Addressing delegates at a roundtable discussion on socioeconomic and political trends at Seifsa’s headquarters in the Johannesburg central business district, Langenhoven said the sector registered a “step down” in its ability to compete within its own markets.

Imports had far surpassed exports, while surging input costs persisted amid a weakening exchange rate, several transport challenges, unreliable electricity supply and rising energy prices.

“We don’t know the future, but the patterns are very worrying,” he said, adding that the metals and engineering sector would continue to track sideways for the next five years, with little evidence of recovery in the short term.

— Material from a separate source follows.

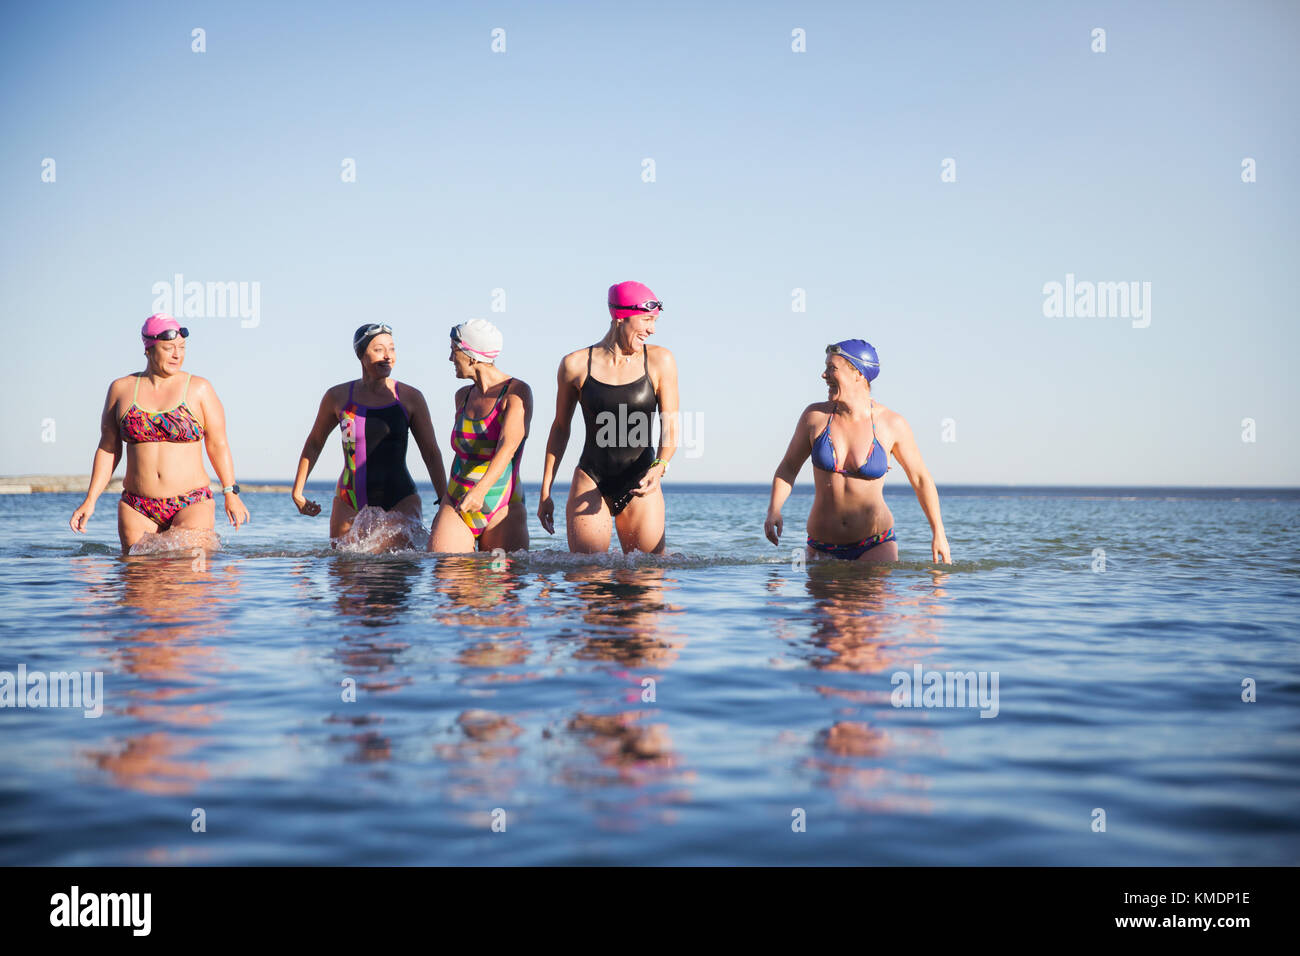 Weibliche Schwimmer im offenen Wasser, die im sonnigen Meer waten Stockfoto

His comments emerged as Statistics South Africa reported that negative contributions from the motor vehicles, parts and accessories and other transport equipment (-9% and contributing -0.7 of a percentage point) and the basic iron and steel, nonferrous metal products, metal products and machinery (-3.8% and contributing -0.7 of a percentage point), dragged September’s manufacturing production.

Manufacturing production had ticked up 0.9% year-on-year in September, with petroleum, chemical products, rubber and plastic products positively contributing 5.5% and 1.2 percentage points and food and beverages adding 2.1% and contributing 0.5 of a percentage point during the month under review.
In September, seasonally adjusted manufacturing production increased 2.2% when compared with August, following month-on-month changes of 0.6% and 0% in August and July respectively.

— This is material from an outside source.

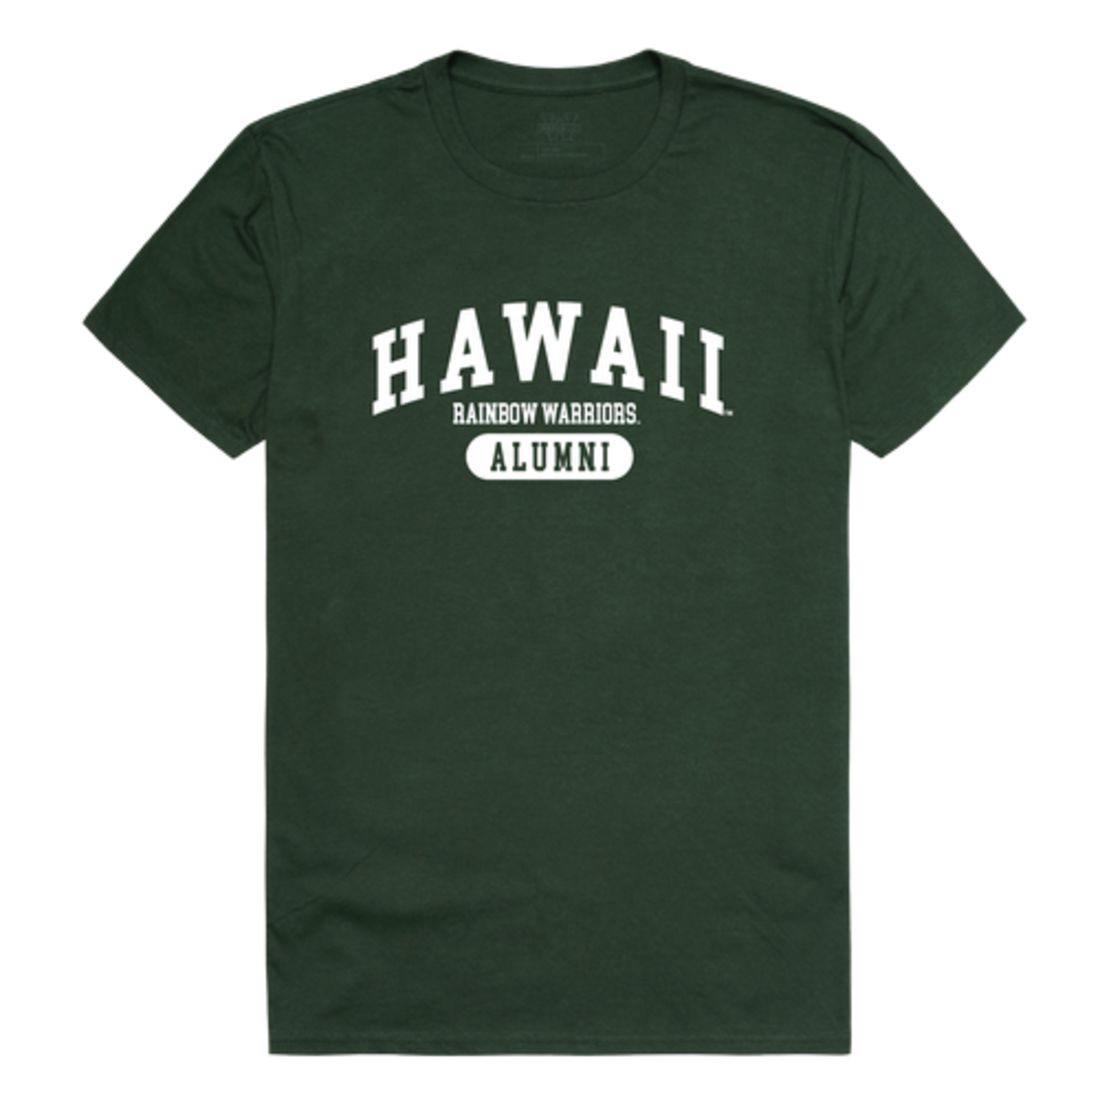 University of Hawaii Rainbow Warriors Alumni Tee T-Shirt-Campus-Wardrobe

Seasonally adjusted manufacturing production increased 1.4% in the third quarter of 2015, compared with the second quarter, with eight of the ten manufacturing divisions reporting positive growth rates.

Meanwhile, Langenhoven pointed out that manufacturing capacity use had consistently remained below the 85% optimum since the first quarter of 2008, contracting 5% below optimum during the third quarter of 2015 – the worst of the first three quarters of the year.

The metals and engineering sector, which accounted for 8% of manufacturing, posted capacity use nearly 10% below optimum, deteriorating 2% during the first three quarters of 2015. 

Capacity use at -4.2% during the third quarter of 2015 was lower than that during the strike-affected third quarter of 2014.

“A similar, deteriorating third-quarter trend is evident in the overall Barclays purchasing managers’ index (PMI).

“Although the PMI was 2% higher over the first ten months of this year than during the same period in 2014, the data seems to indicate that conditions have deteriorated since the middle of 2015,” he said.

However, there was a much higher level of understanding of the dire situation by industry, government and labour, while cooperation among sector organisations, labour and industry had increased.

“The domestic demand generated from the infrastructure projects is [also] better understood and big efforts were being made to ensure a larger portion of the demand went to South African suppliers.”

Further, five value chains that were currently a focal point for government, including platinum-group metals, iron and steel, and capital equipment, had potential benefits for the growth of the metals sector.